OpenAI is moving into video generation, following in the footsteps of startups like Runway and tech giants like Google and Meta.
OpenAI today announced Sora, a GenAI model that creates videos from text. According to OpenAI, given a brief (or detailed) description and a still image, Sora can generate 1080p movie-like scenes with multiple characters, different types of motion, and background details. It means.
Sora can also “enhance” existing video clips, doing its best to fill in any missing details.
“Sora has a deep understanding of language, allowing it to accurately interpret prompts and generate engaging characters that express vivid emotions,” OpenAI wrote in a blog post. “This model understands not only what the user asks for in a prompt, but also how those things exist in the physical world. ”
Now, OpenAI's Sora demo page is full of hyperbole. The above description is an example.However, carefully selected samples from the model do Pretty impressive, at least when compared to other text-to-video conversion technologies we've seen so far.
First, Sora can generate videos of up to 1 minute in different styles (photorealistic, animated, black and white, etc.). This is much longer than most text-to-video models. And these videos remain reasonably consistent in the sense that they don't always succumb to what I call “AI weirdness,” such as objects moving in physically impossible directions. Masu.
Take a tour of this art gallery. All generated by Sora (ignore the graininess; it's compressed by a video to GIF conversion tool).
Or this animation of flowers blooming:
Sora's videos, which include humanoid subjects (such as a robot standing against a cityscape or a person walking on a snowy road), have a video game-like quality to them. This is probably because not much is happening. It's in the background. Other AI weirdness sneaks into many of the clips, like a car driving in one direction suddenly backing up or an arm melting into a duvet cover.

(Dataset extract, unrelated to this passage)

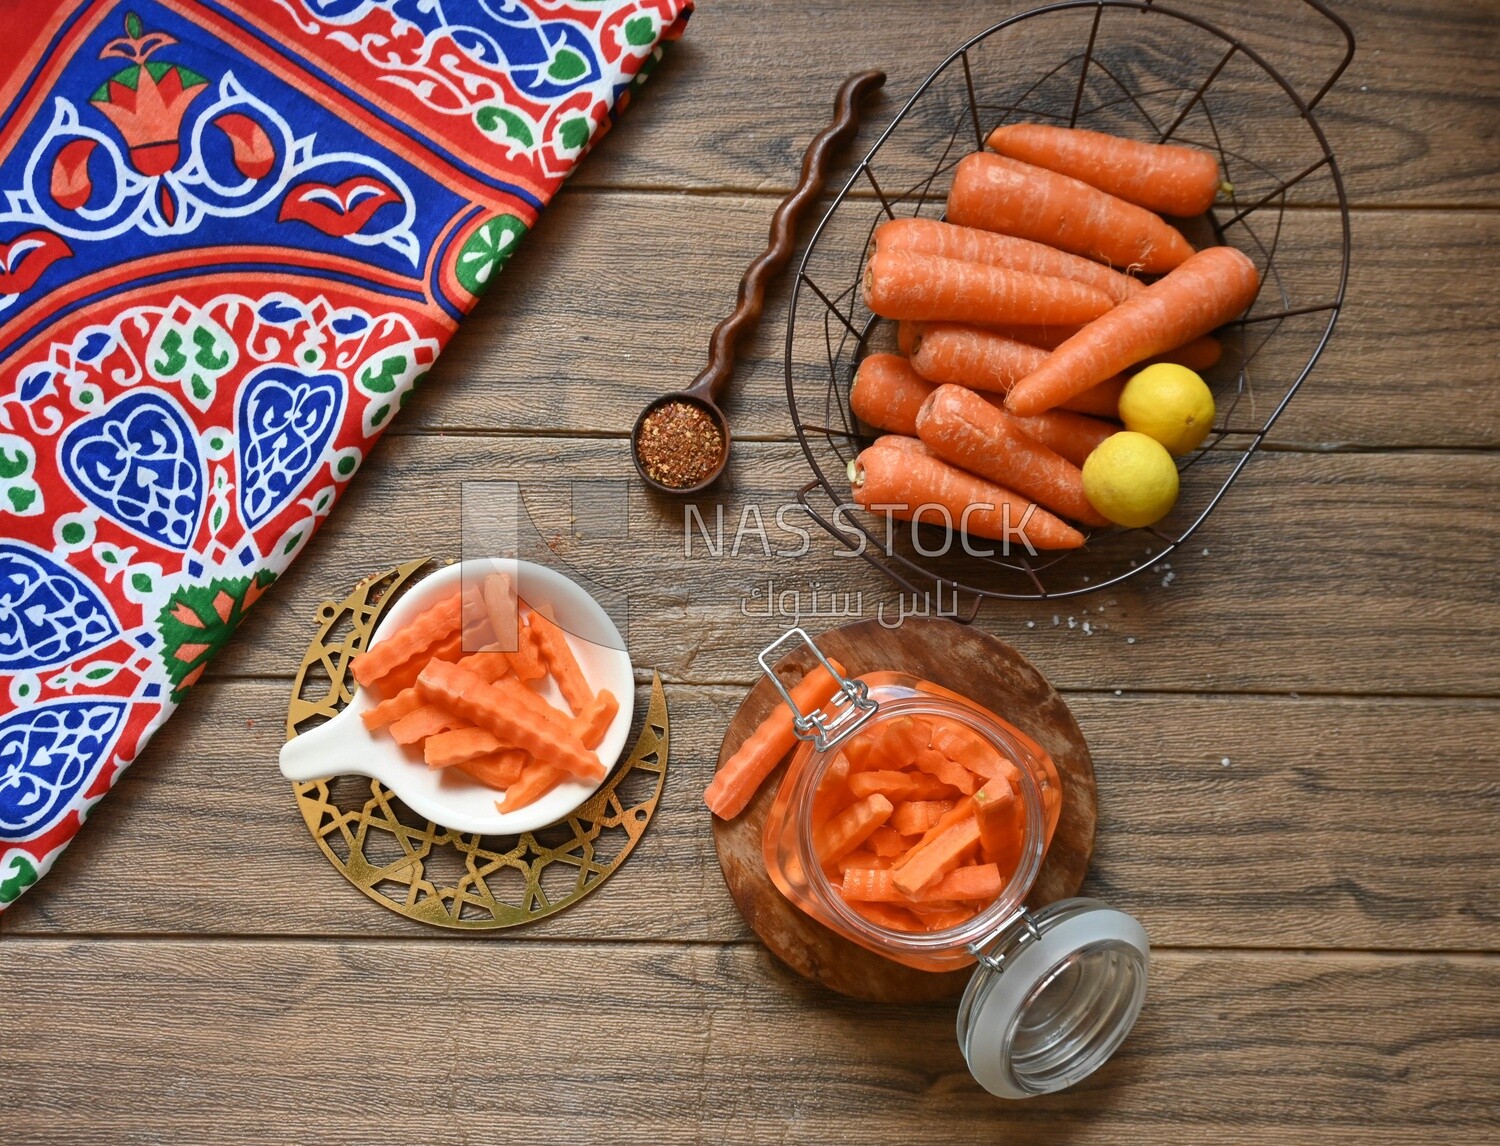 Jar of pickled carrots, a bowl with carrots and lemon, Egyptian pickles, Arab restaurants
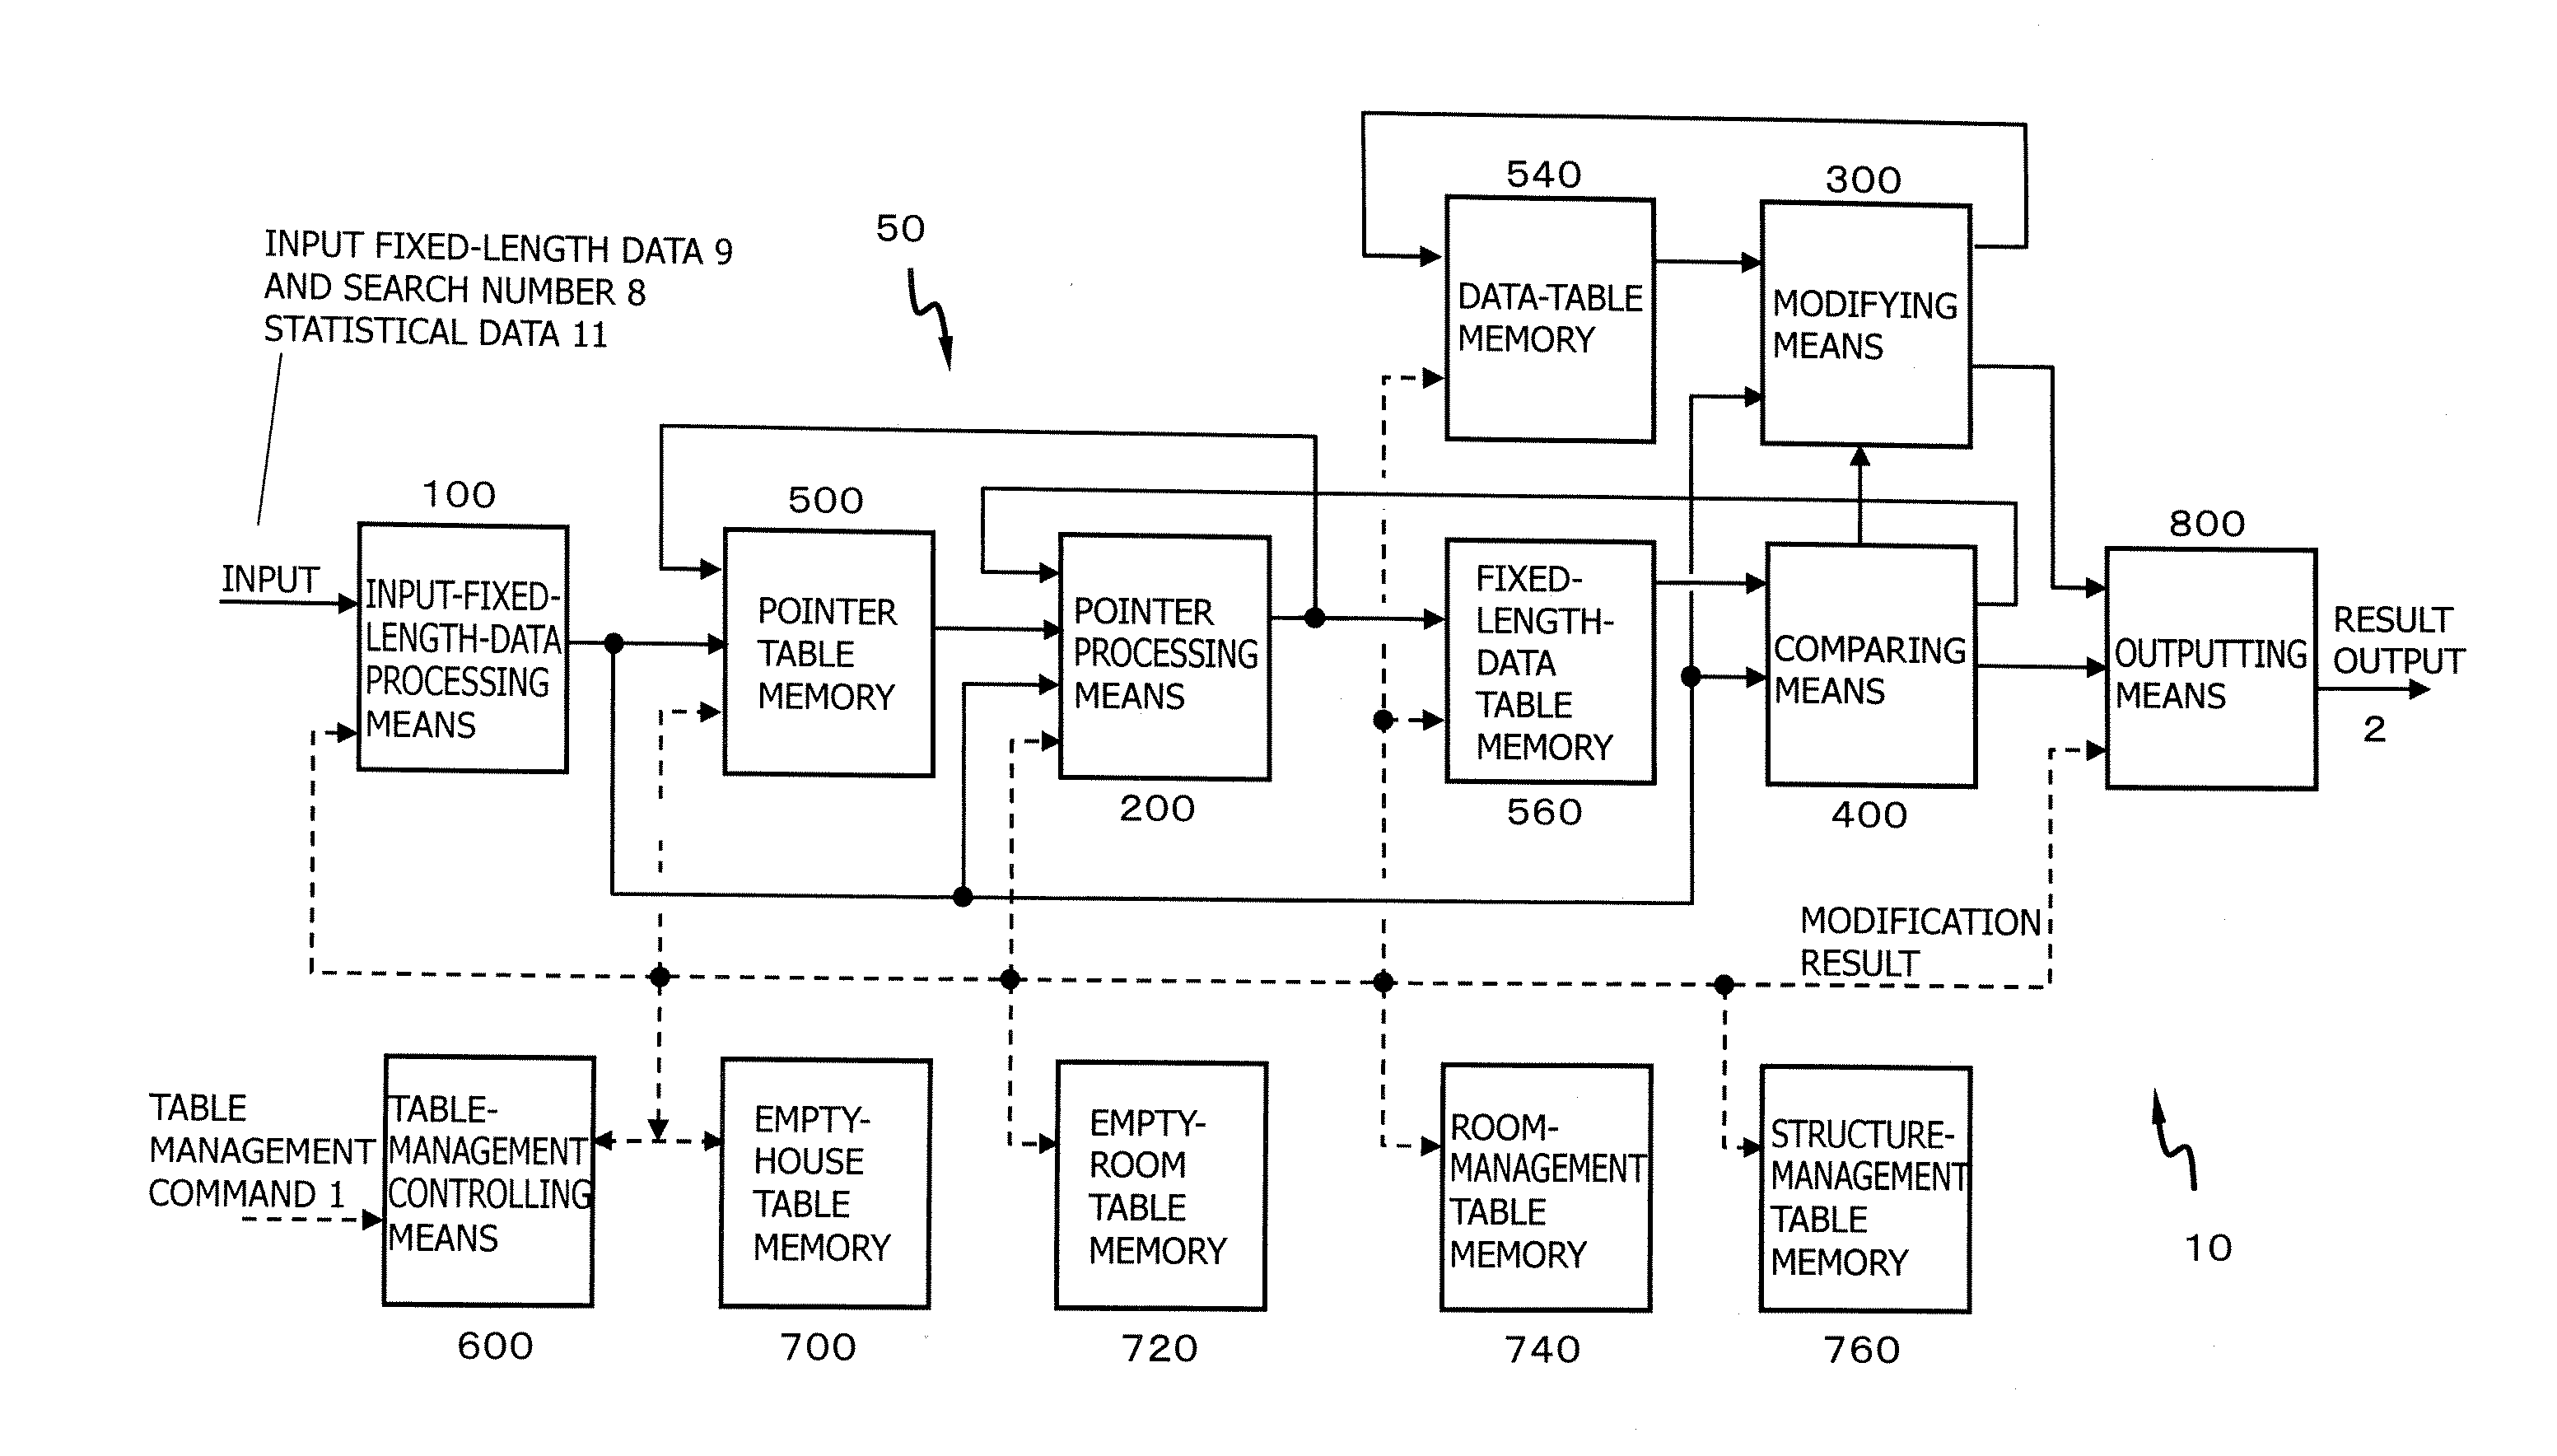 Search apparatus and search management method for fixed-length data

OpenAI admits that despite all its high points, its models are not perfect. It writes:
“[Sora] You may struggle to accurately simulate the physics of complex scenes, and you may not be able to understand certain instances of cause and effect. For example, even if a person bites into a cookie, there may not be a bite mark left on the cookie afterwards. The model may also confuse the spatial details of the prompt, for example confusing left and right, and may struggle to accurately describe events that occur over time, such as following a particular camera trajectory. there is. ”
OpenAI is positioning Sora as a research preview, revealing little about what data was used to train the model (less than about 10,000 hours of “high quality” video), and announcing Sora's general availability. I'm waiting. The basis for this is the potential for abuse. OpenAI rightly points out that malicious actors can exploit models like Sora in myriad ways.
OpenAI said it is working with experts to study models of exploits and build tools to detect whether a video was generated by Sora. The company also says that if you choose to incorporate the model into a public product, it will ensure that the generated output includes provenance metadata.
“We will engage policymakers, educators, and artists around the world to understand their concerns and identify positive use cases for this new technology,” OpenAI wrote. “Despite extensive research and testing, we cannot predict all the ways people will use our technology beneficially or all the ways people will misuse it. We believe that learning from the use of is a key element to creating and releasing increasingly secure AI systems over time.”